### [COLLECTED DATA]
————

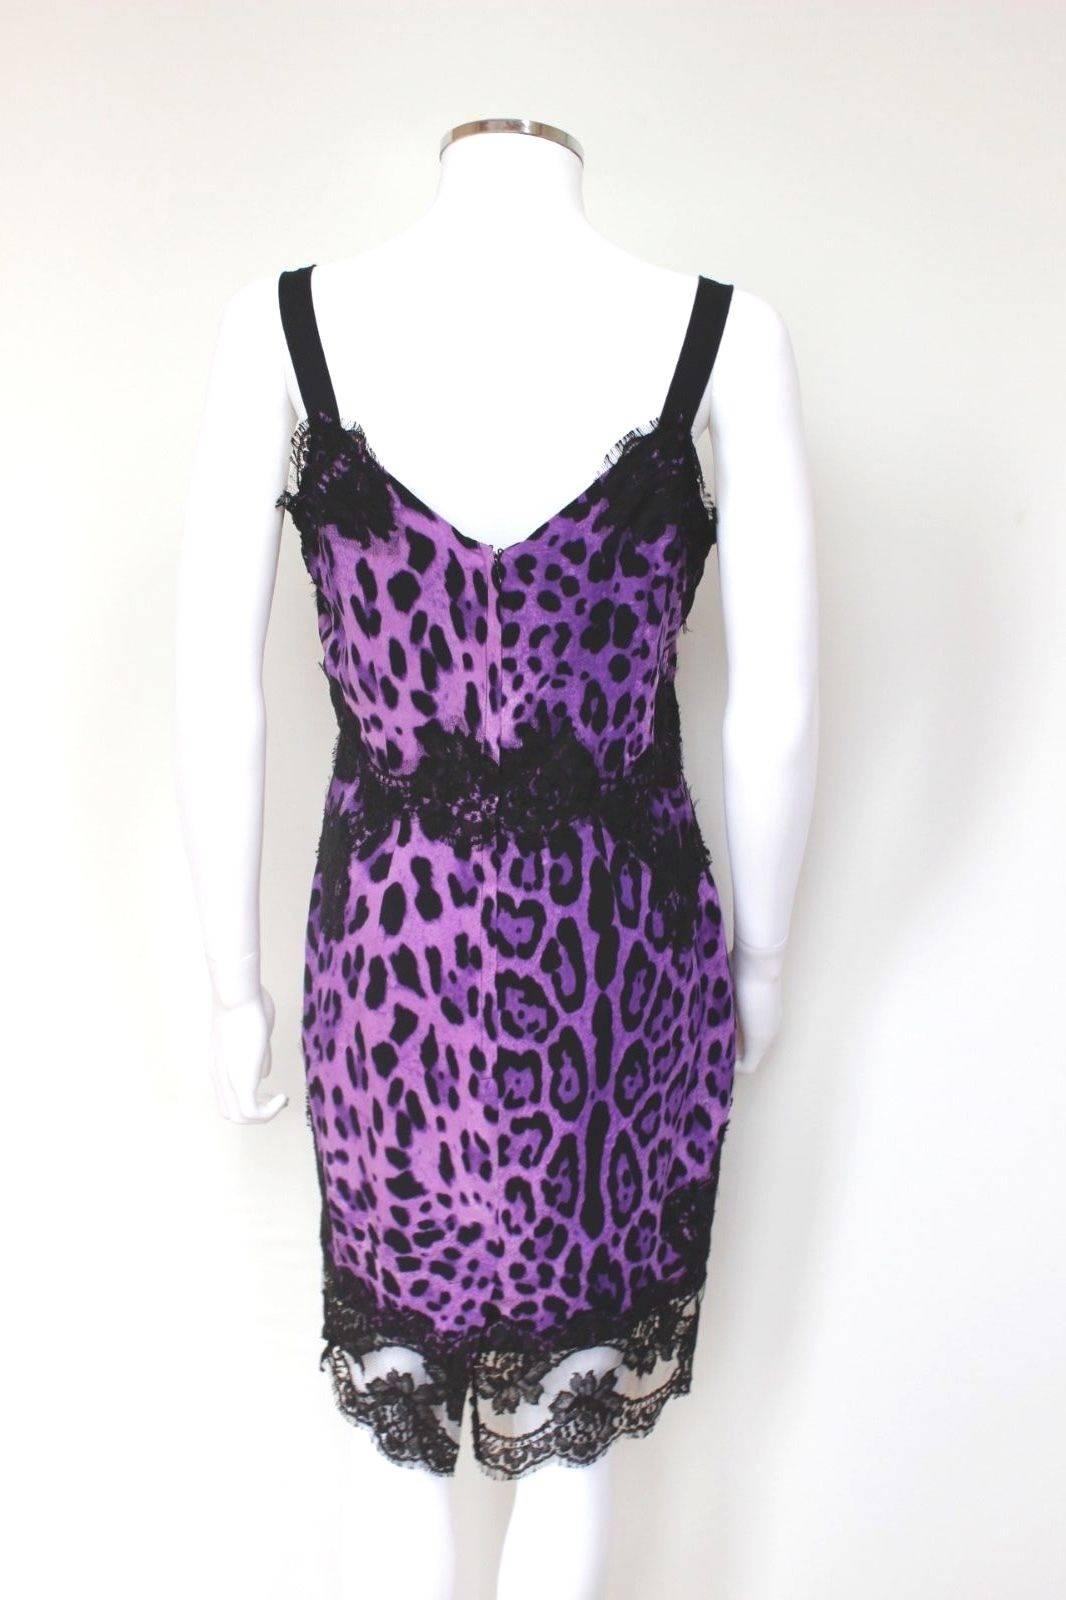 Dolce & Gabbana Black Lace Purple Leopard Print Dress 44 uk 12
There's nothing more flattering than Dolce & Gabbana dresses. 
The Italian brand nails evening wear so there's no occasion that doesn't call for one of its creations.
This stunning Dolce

————

### [TASK BRIEF]
Omit the pictures and output all remaining material exactly.

### [EXERCISE OUTPUT]
 Dolce & Gabbana Black Lace Purple Leopard Print Dress 44 uk 12
There's nothing more flattering than Dolce & Gabbana dresses. 
The Italian brand nails evening wear so there's no occasion that doesn't call for one of its creations.
This stunning Dolce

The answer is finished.